**Exercise**. Two lines in the data below mark the range: the one with "Instagram Author's Challenge" and the one with "Sigma (Mega Man". Return both, along with every line between them, exactly.
::: Records shown :::
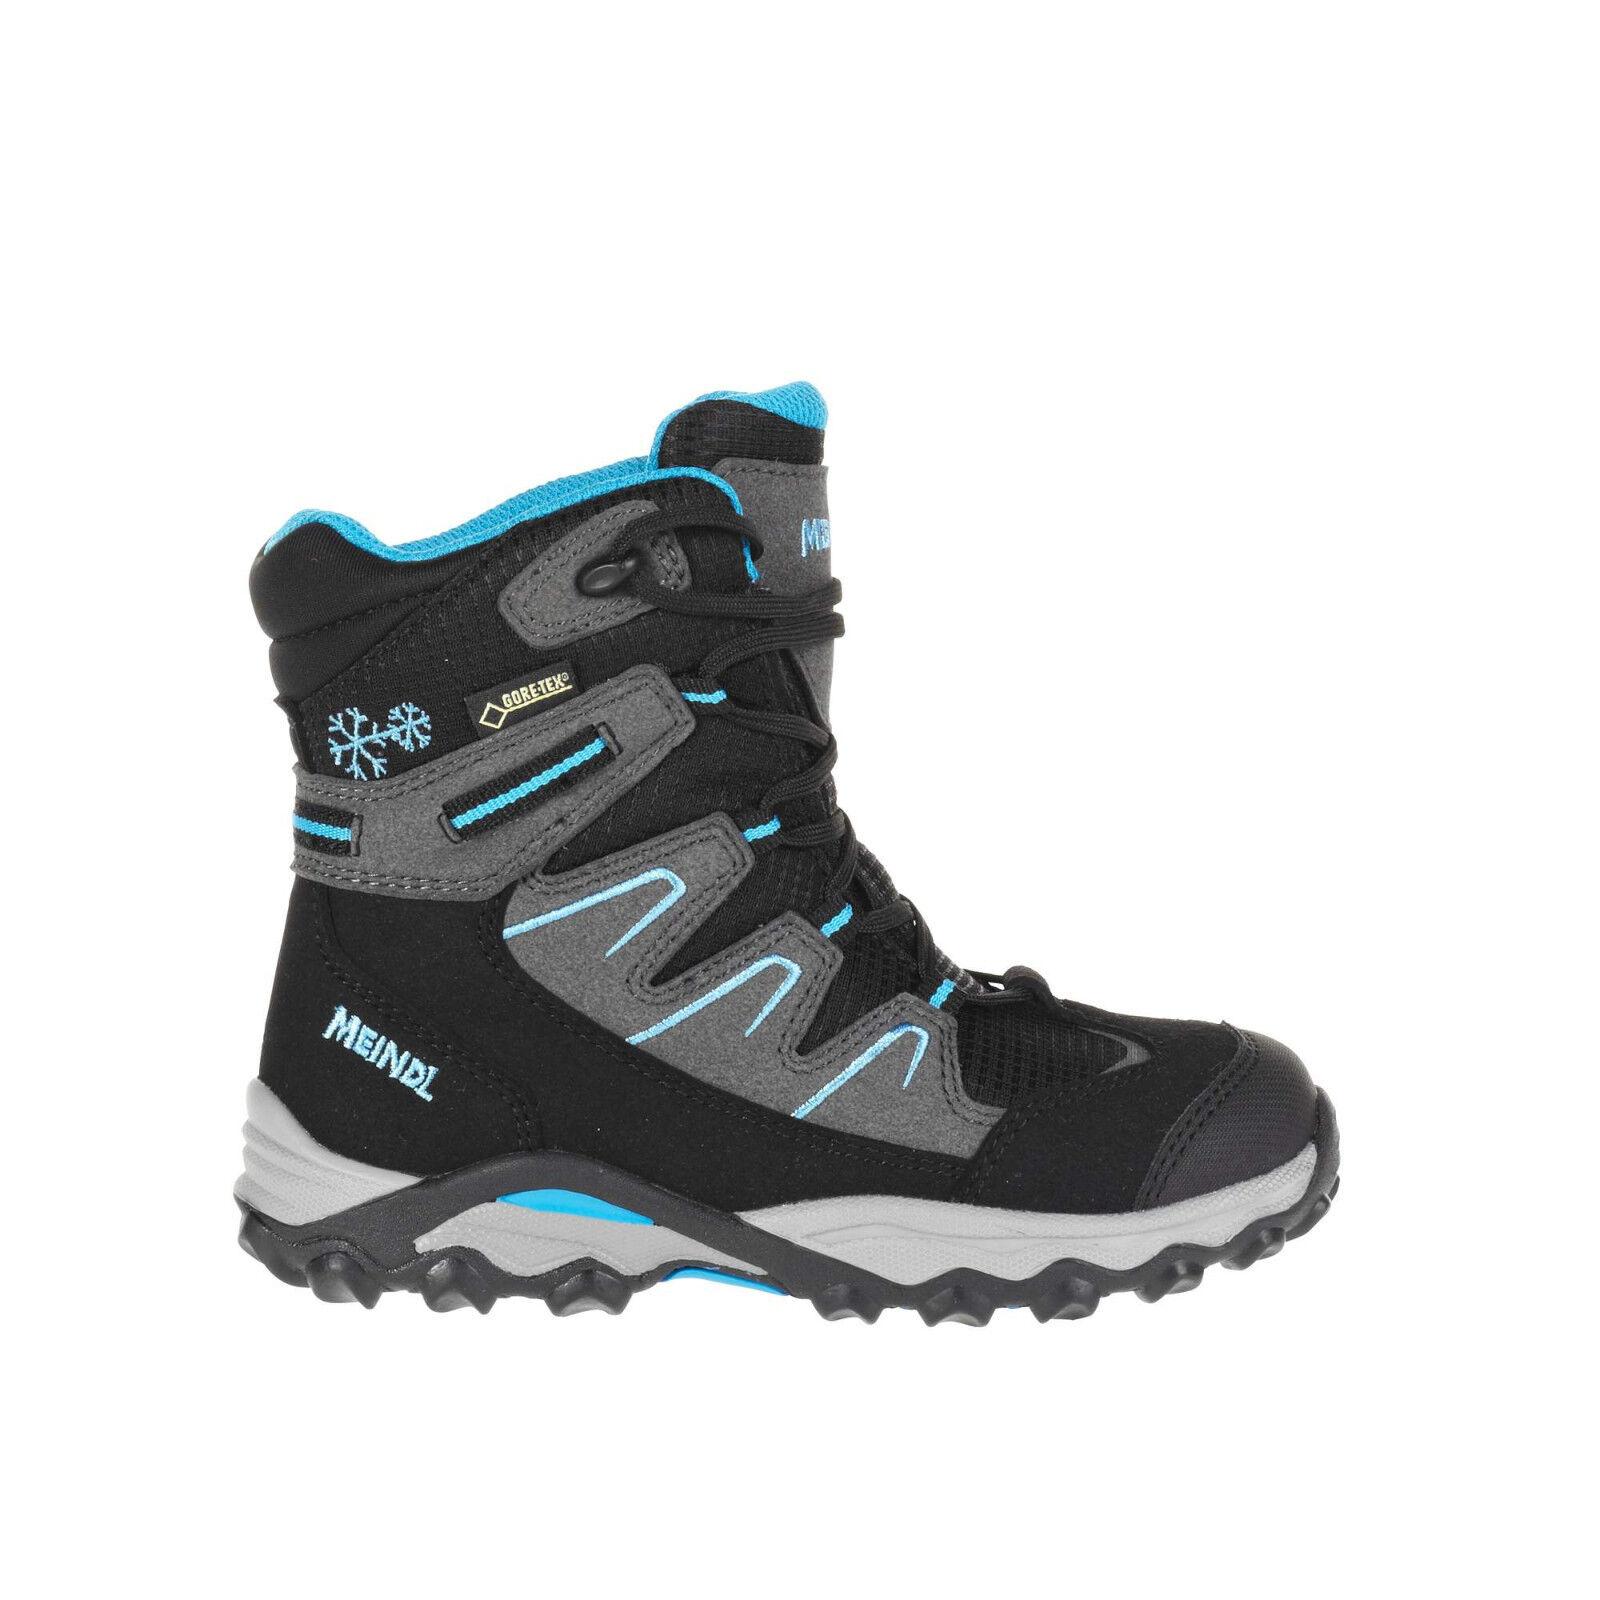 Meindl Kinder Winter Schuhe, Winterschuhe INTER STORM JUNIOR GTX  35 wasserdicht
:::
::: Records shown :::
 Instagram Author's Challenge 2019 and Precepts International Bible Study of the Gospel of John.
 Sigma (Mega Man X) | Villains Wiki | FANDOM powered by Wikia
:::
**Response**.
 Instagram Author's Challenge 2019 and Precepts International Bible Study of the Gospel of John.
 Sigma (Mega Man X) | Villains Wiki | FANDOM powered by Wikia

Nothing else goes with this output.